■ What needs to be done
Keep the text of the data exactly as it is and omit each picture from the copy.

■ Dataset content
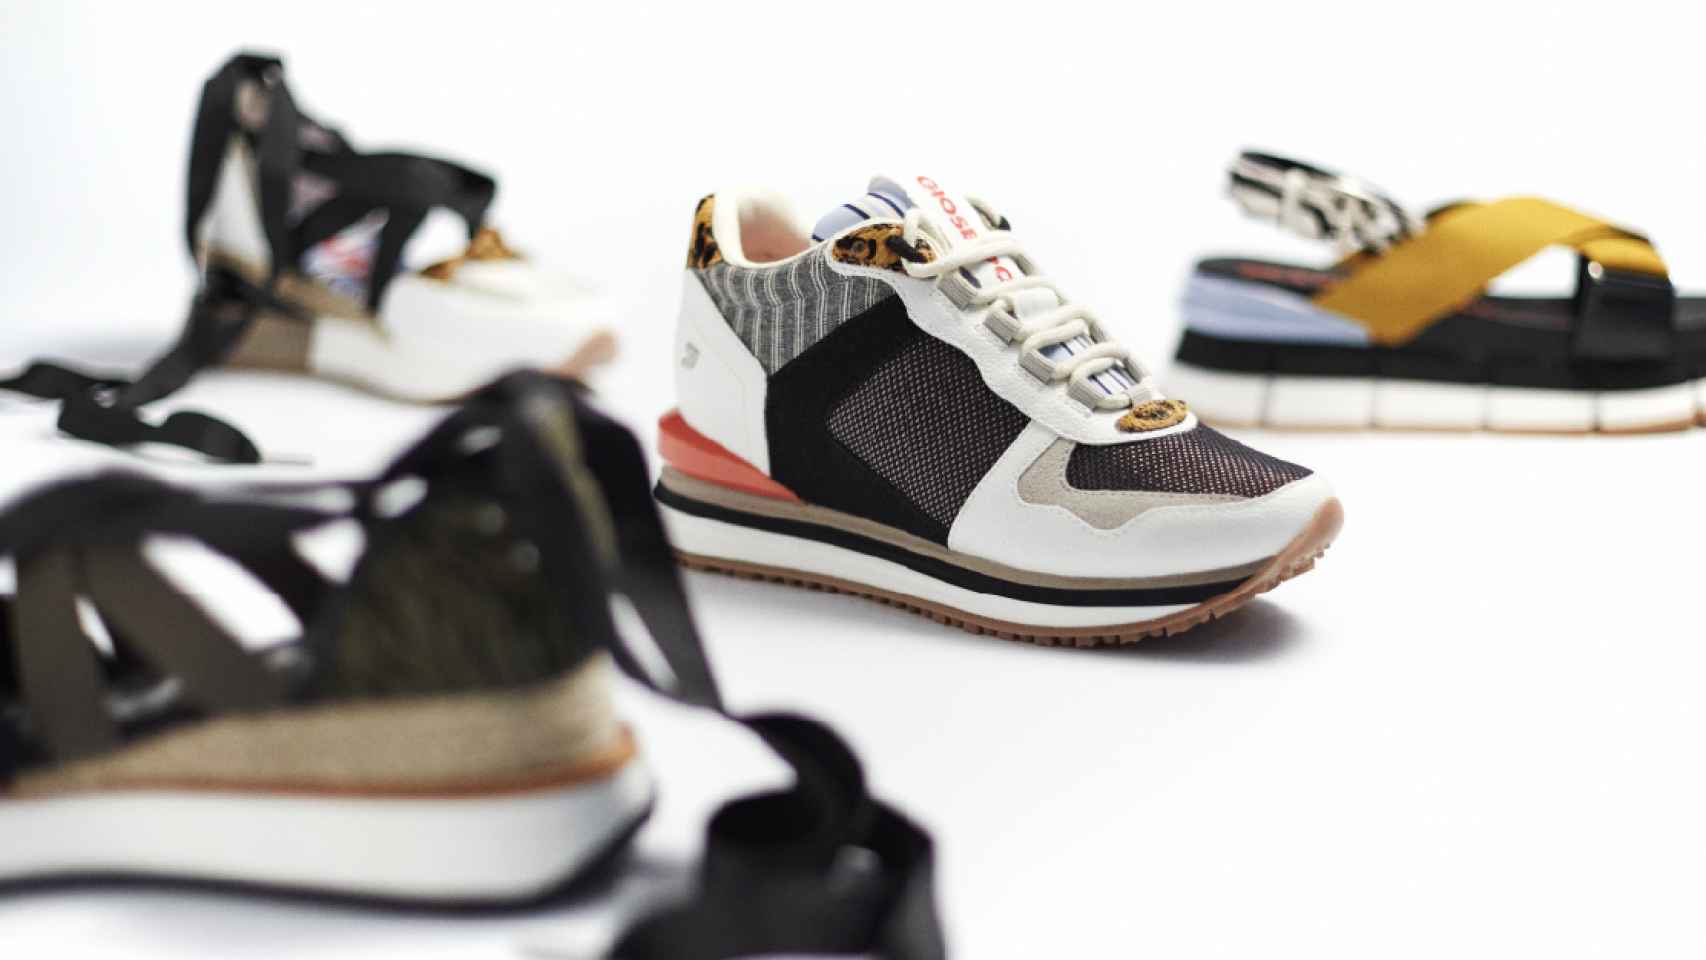 La firma de calzado Gioseppo ha lanzado una nueva colección primavera-verano que destacada por su comodidad.
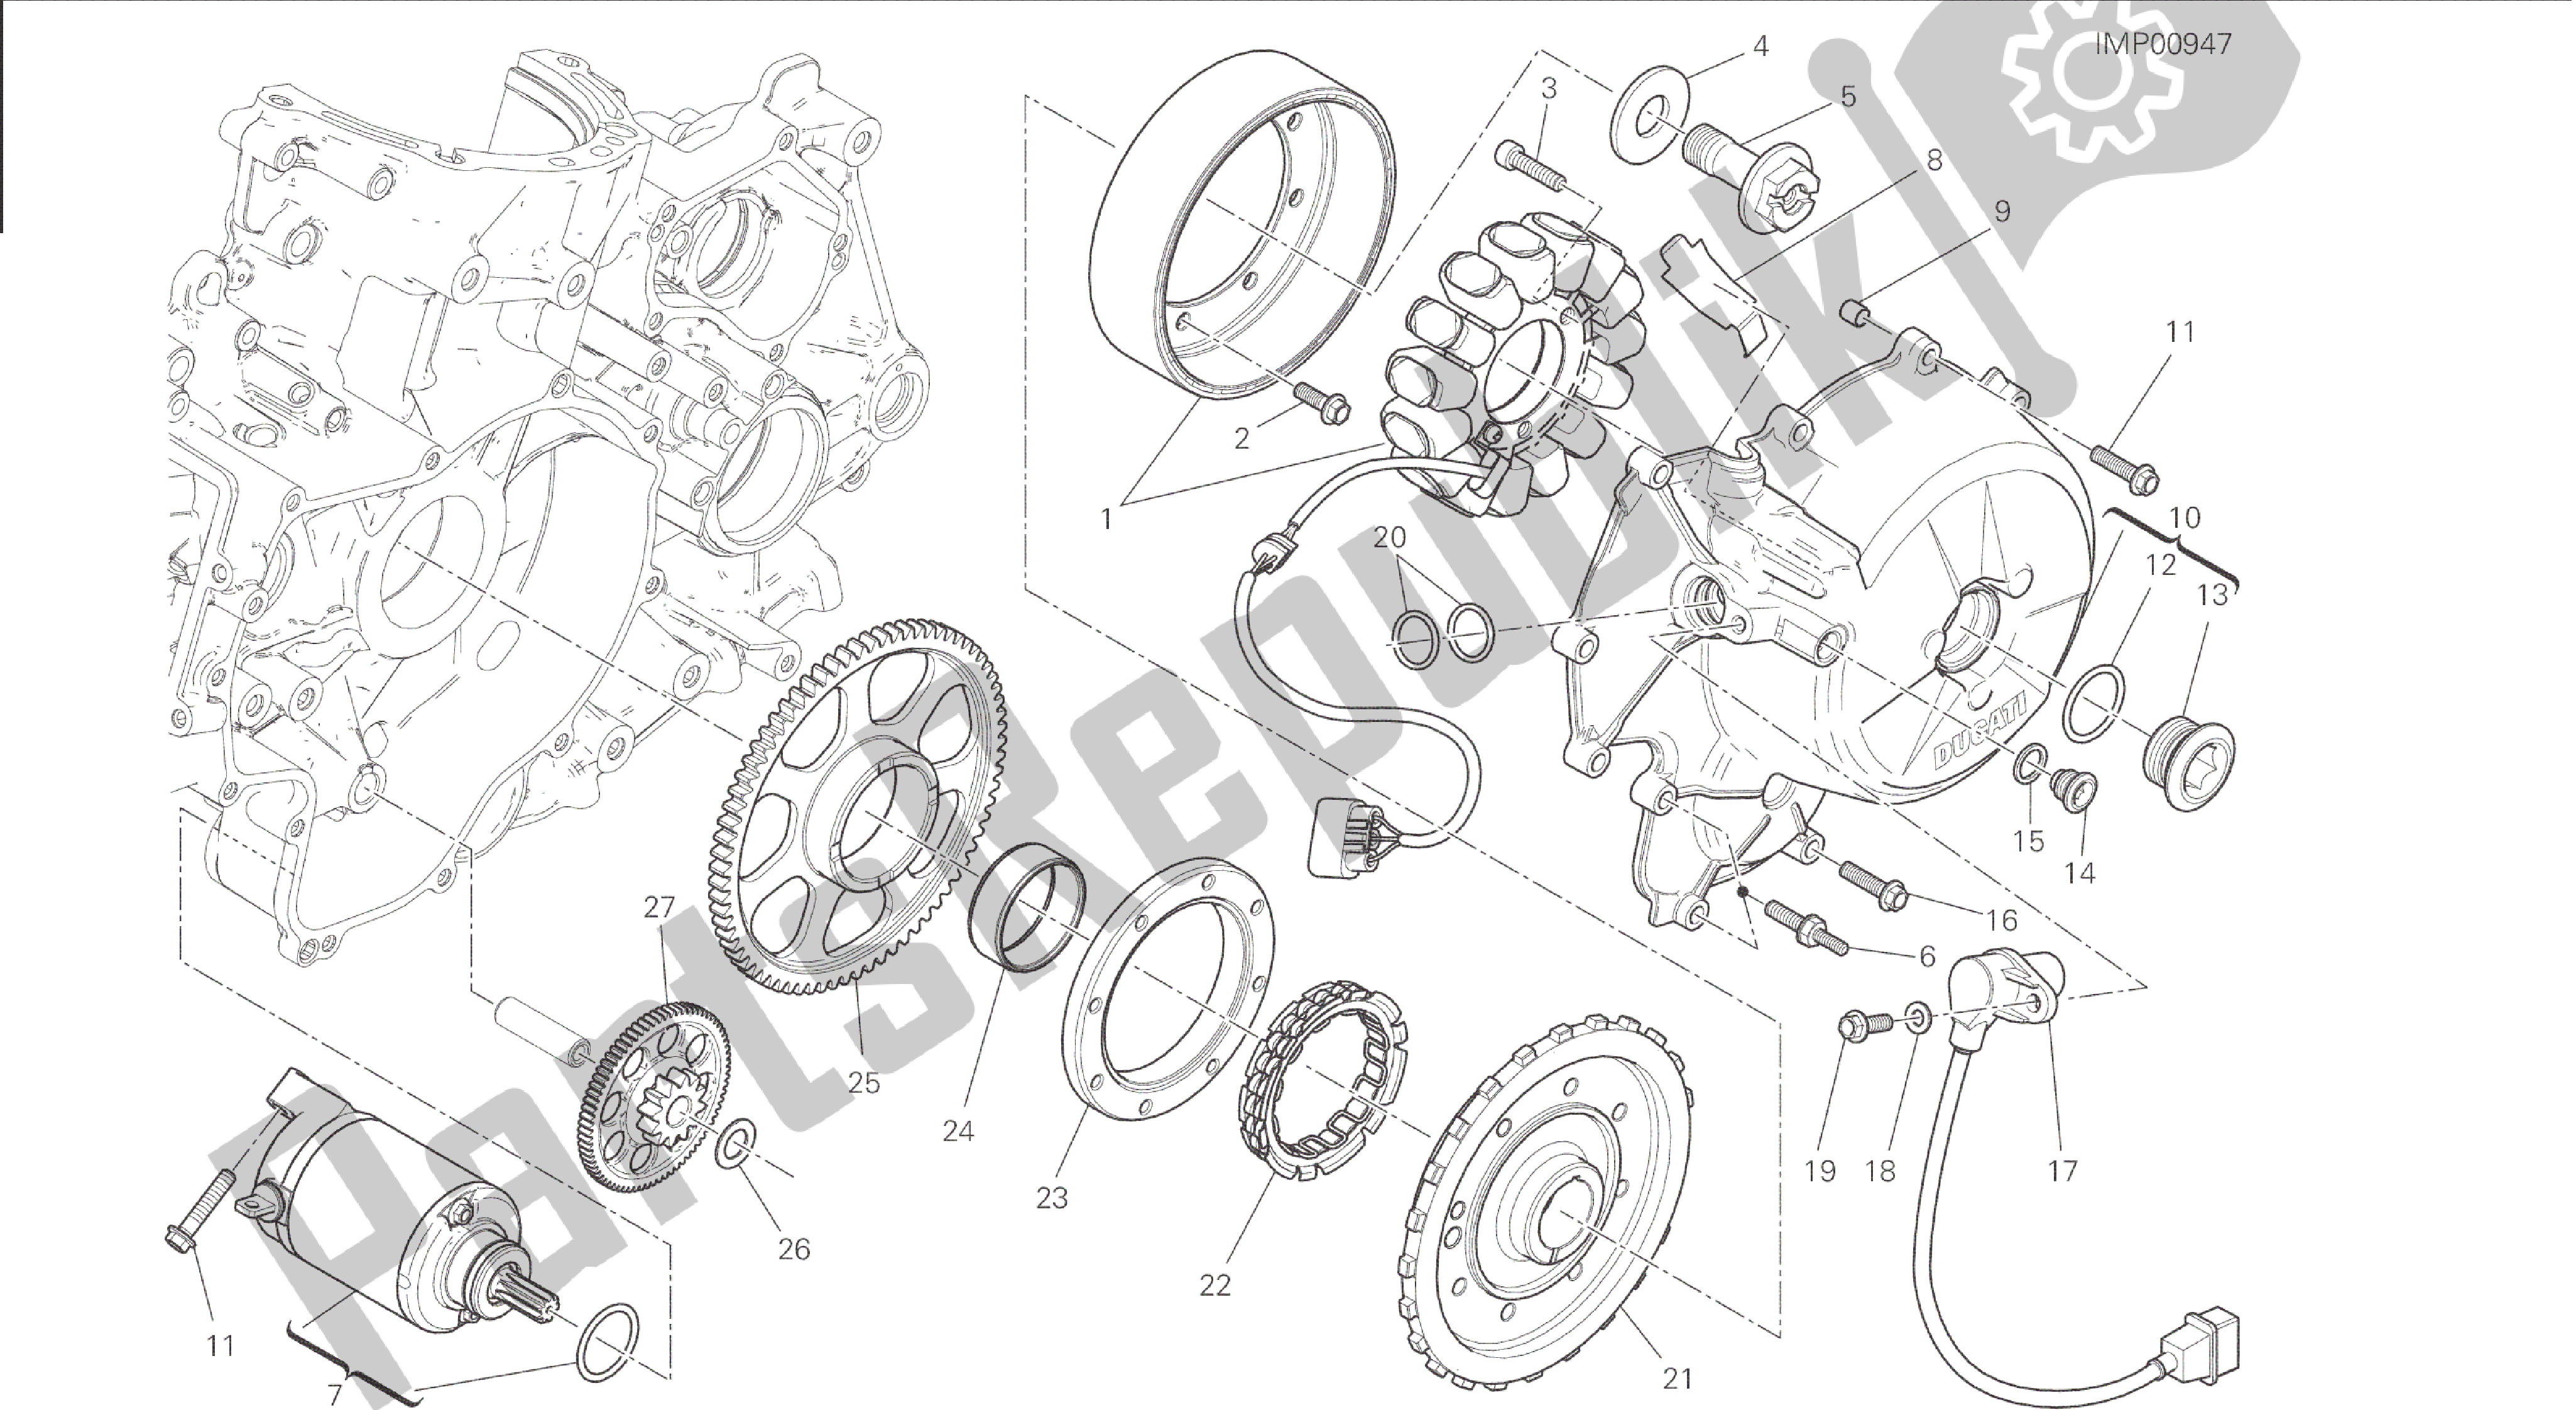 Todas las partes para Dibujo 012 - Arranque Eléctrico Y Encendido [mod: 1199r; Xst: Motor De Grupo Aus, Eur, Fra, Jap, Twn] de Ducati Panigale 1198 2015
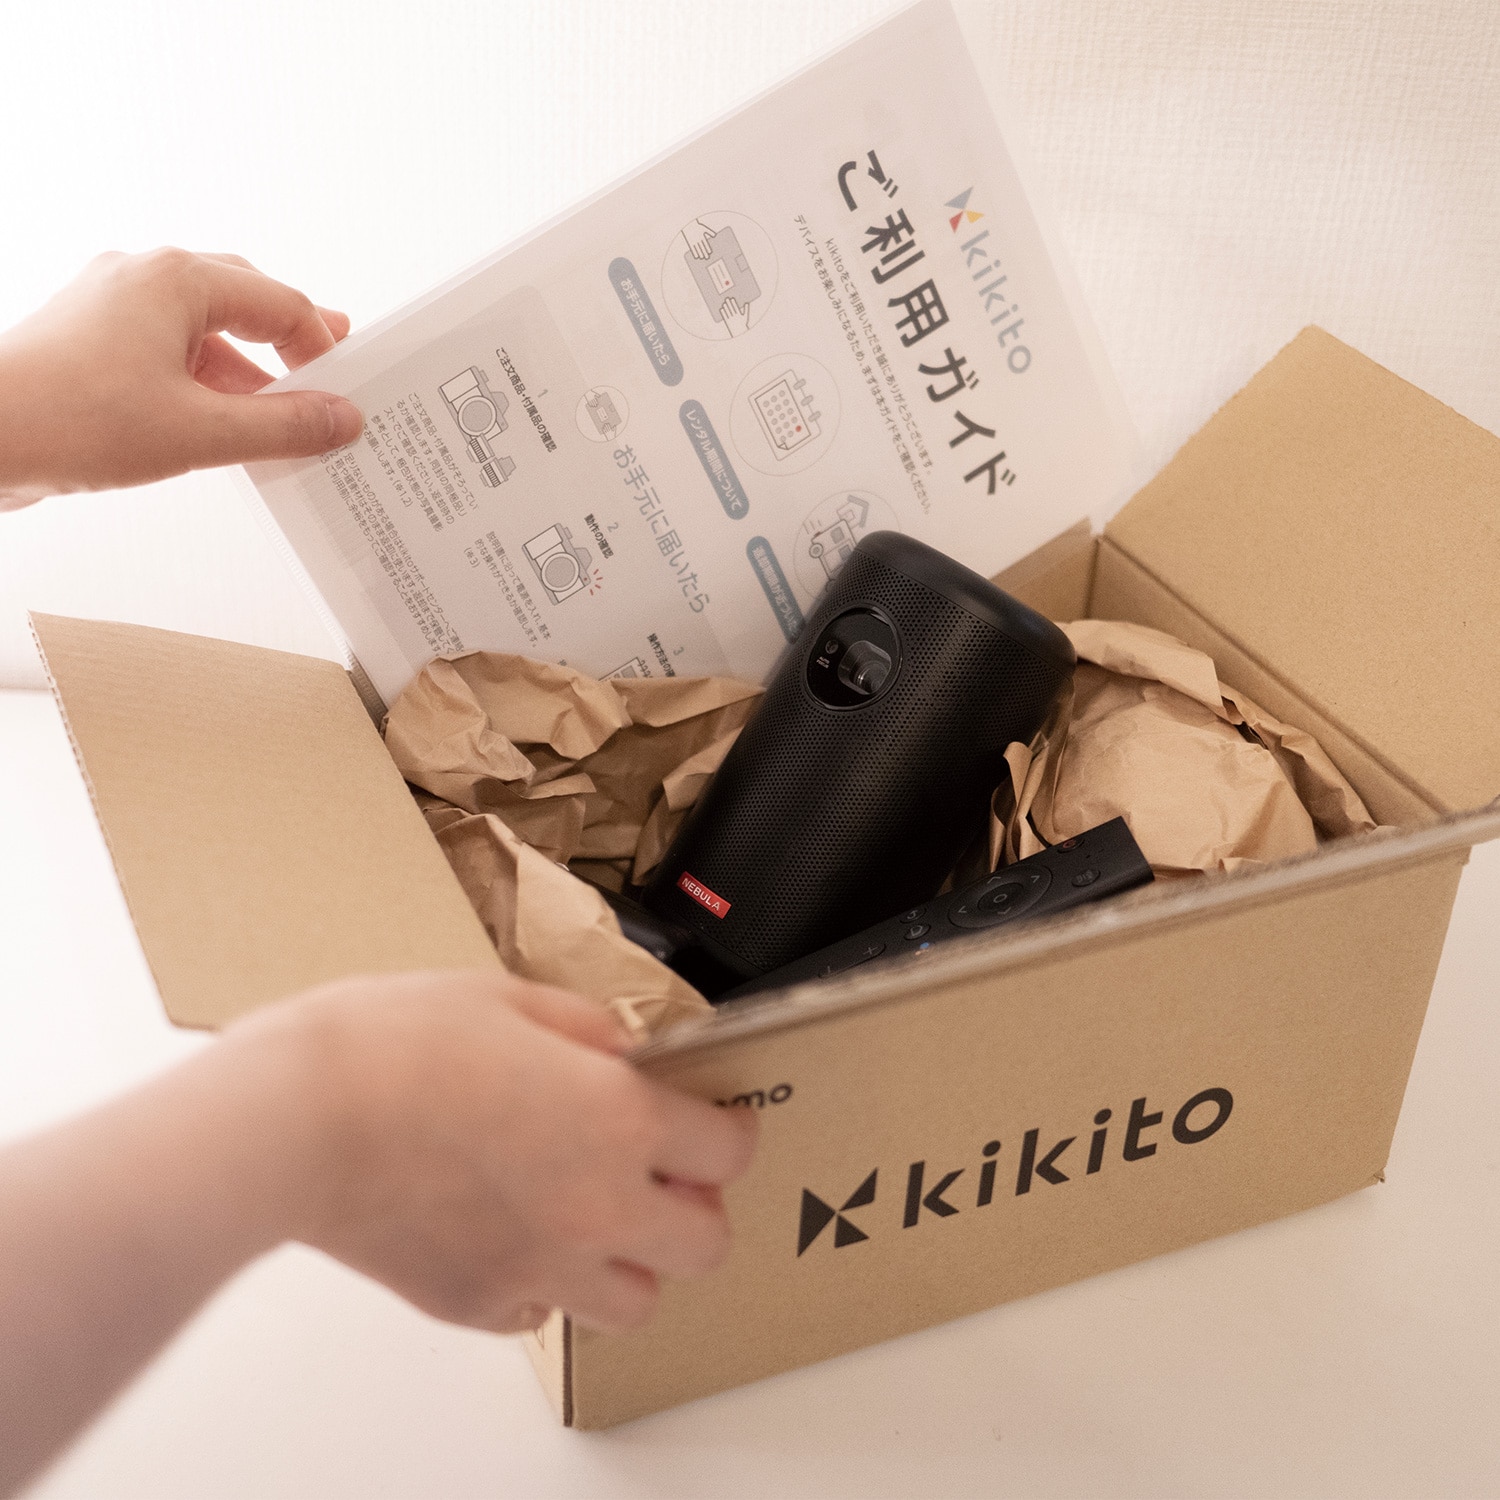 kikito デバイスレンタルサービス利用券

■ Result for this exercise
 La firma de calzado Gioseppo ha lanzado una nueva colección primavera-verano que destacada por su comodidad.
 Todas las partes para Dibujo 012 - Arranque Eléctrico Y Encendido [mod: 1199r; Xst: Motor De Grupo Aus, Eur, Fra, Jap, Twn] de Ducati Panigale 1198 2015
 kikito デバイスレンタルサービス利用券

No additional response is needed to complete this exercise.